S&P also expressed concern about pension reforms as a whole, floating the possibility of yet another downgrade should the state Supreme Court strike down SB1, the recently passed pension reform bill.
“If the pension reform is declared unconstitutional or invalid, or implementation is delayed and there is a continued lack of consensus and action among policymakers on the structural budget gaps and payables outstanding, we believe there could be a profound and negative effect on Illinois’ budgetary performance and liquidity over the next two years and that this could lead to a downgrade.”
This latest action by S&P is yet another warning to Illinois that ratings agencies are tired of the state’s lack of real reform in the face of such massive fiscal and pension crises.

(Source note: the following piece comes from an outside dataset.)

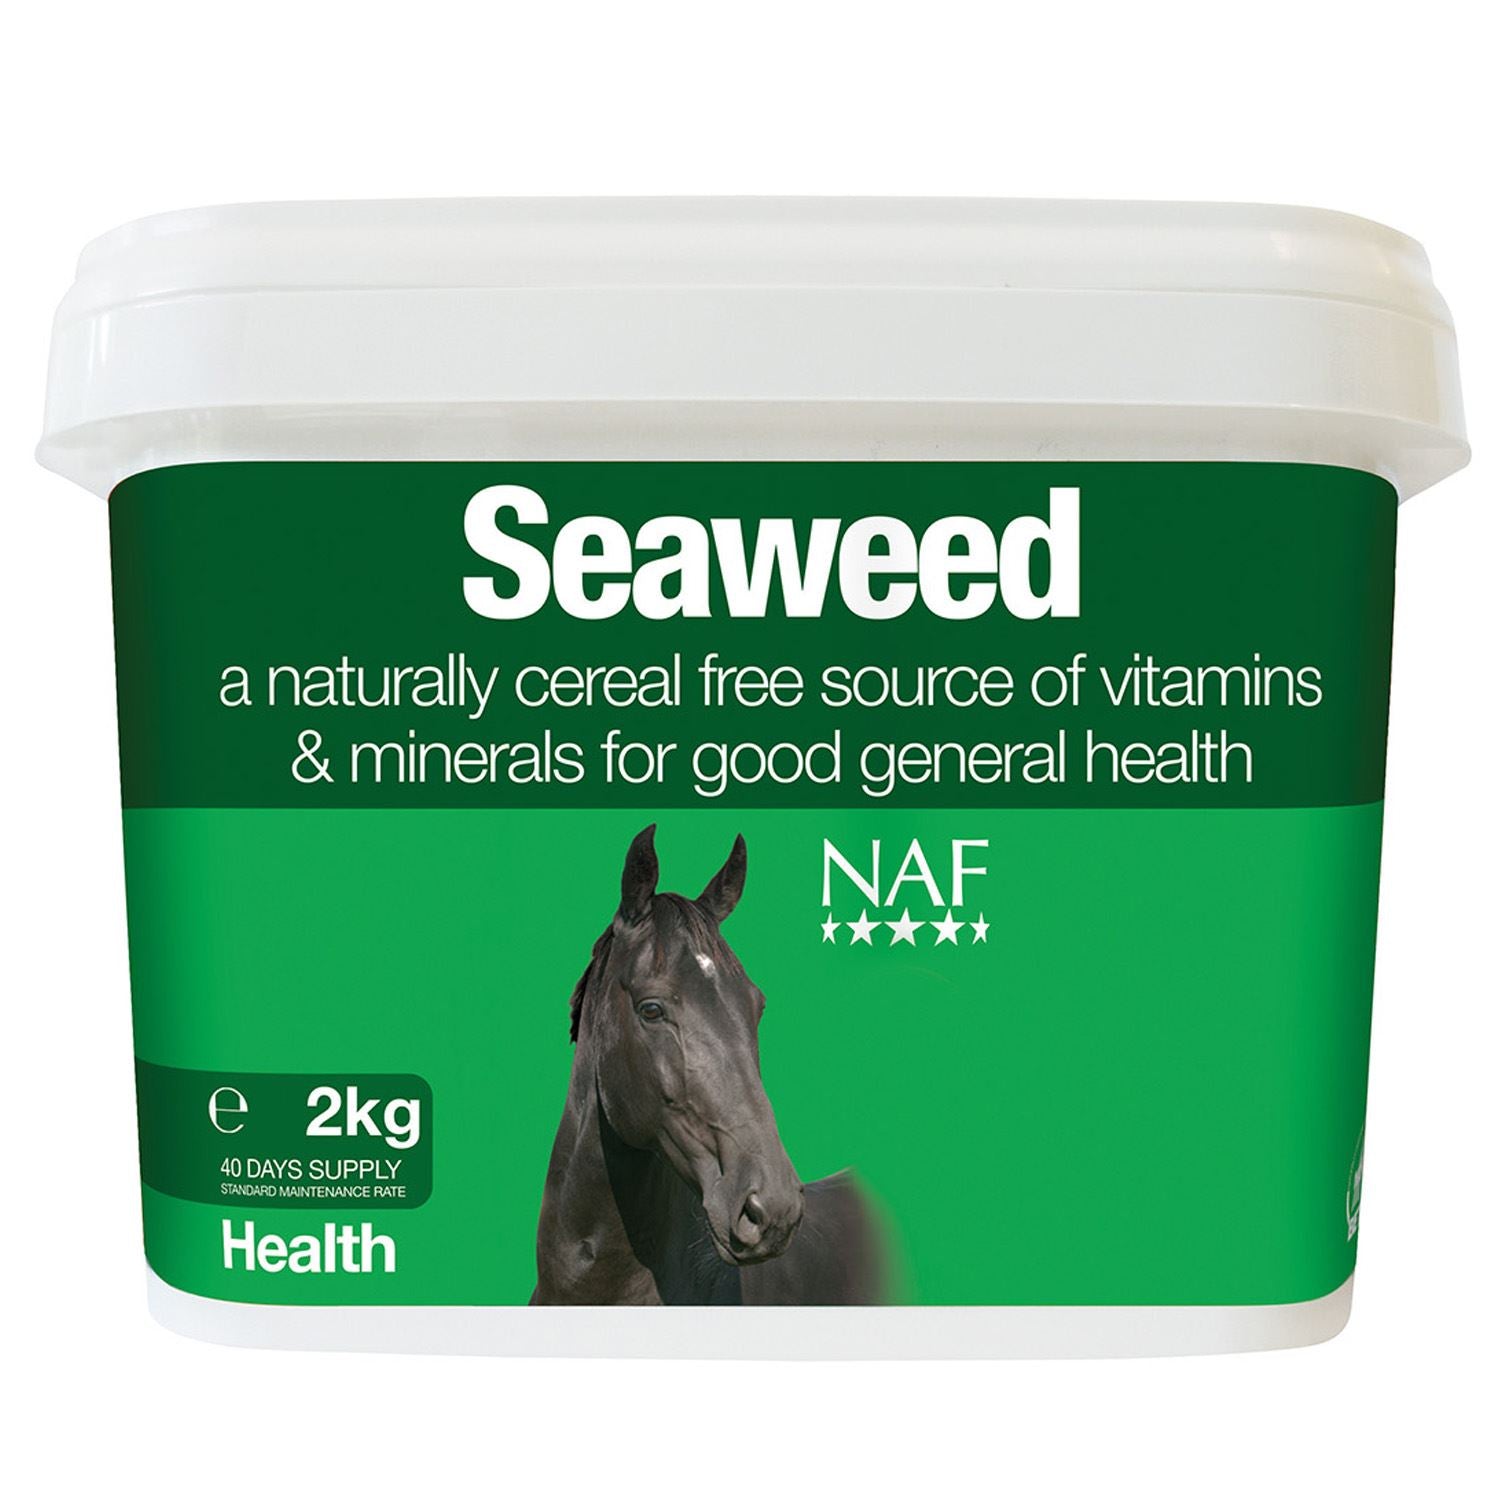 NAF Seaweed - Just Horse Riders

And more taxes aren’t going to fix Illinois’ problems. Even S&P acknowledges the 2011 income tax hike didn’t work – the agency lists the state’s “revenue-enhancement measures” in its list of negative credit factors:
“Sizable and chronic accumulated budget-based deficits despite revenue-enhancement measures implemented in 2011 and improved economic trends. While the deficit is reduced significantly, it remains significant relative to the size of the budget.”
The precipitous decline in ratings is an indictment of the politicians who control Illinois’ government-worker pension systems. Those politicians have massively hiked taxes while retirement security for government workers continues to collapse.
Politicians need to be taken out of the retirement business altogether. It’s time Illinois followed the lead of other states in adopting 401(k)-style plans for government workers. It’s the only way to ensure budget stability, end the tax hikes and give workers what they deserve – real retirement security.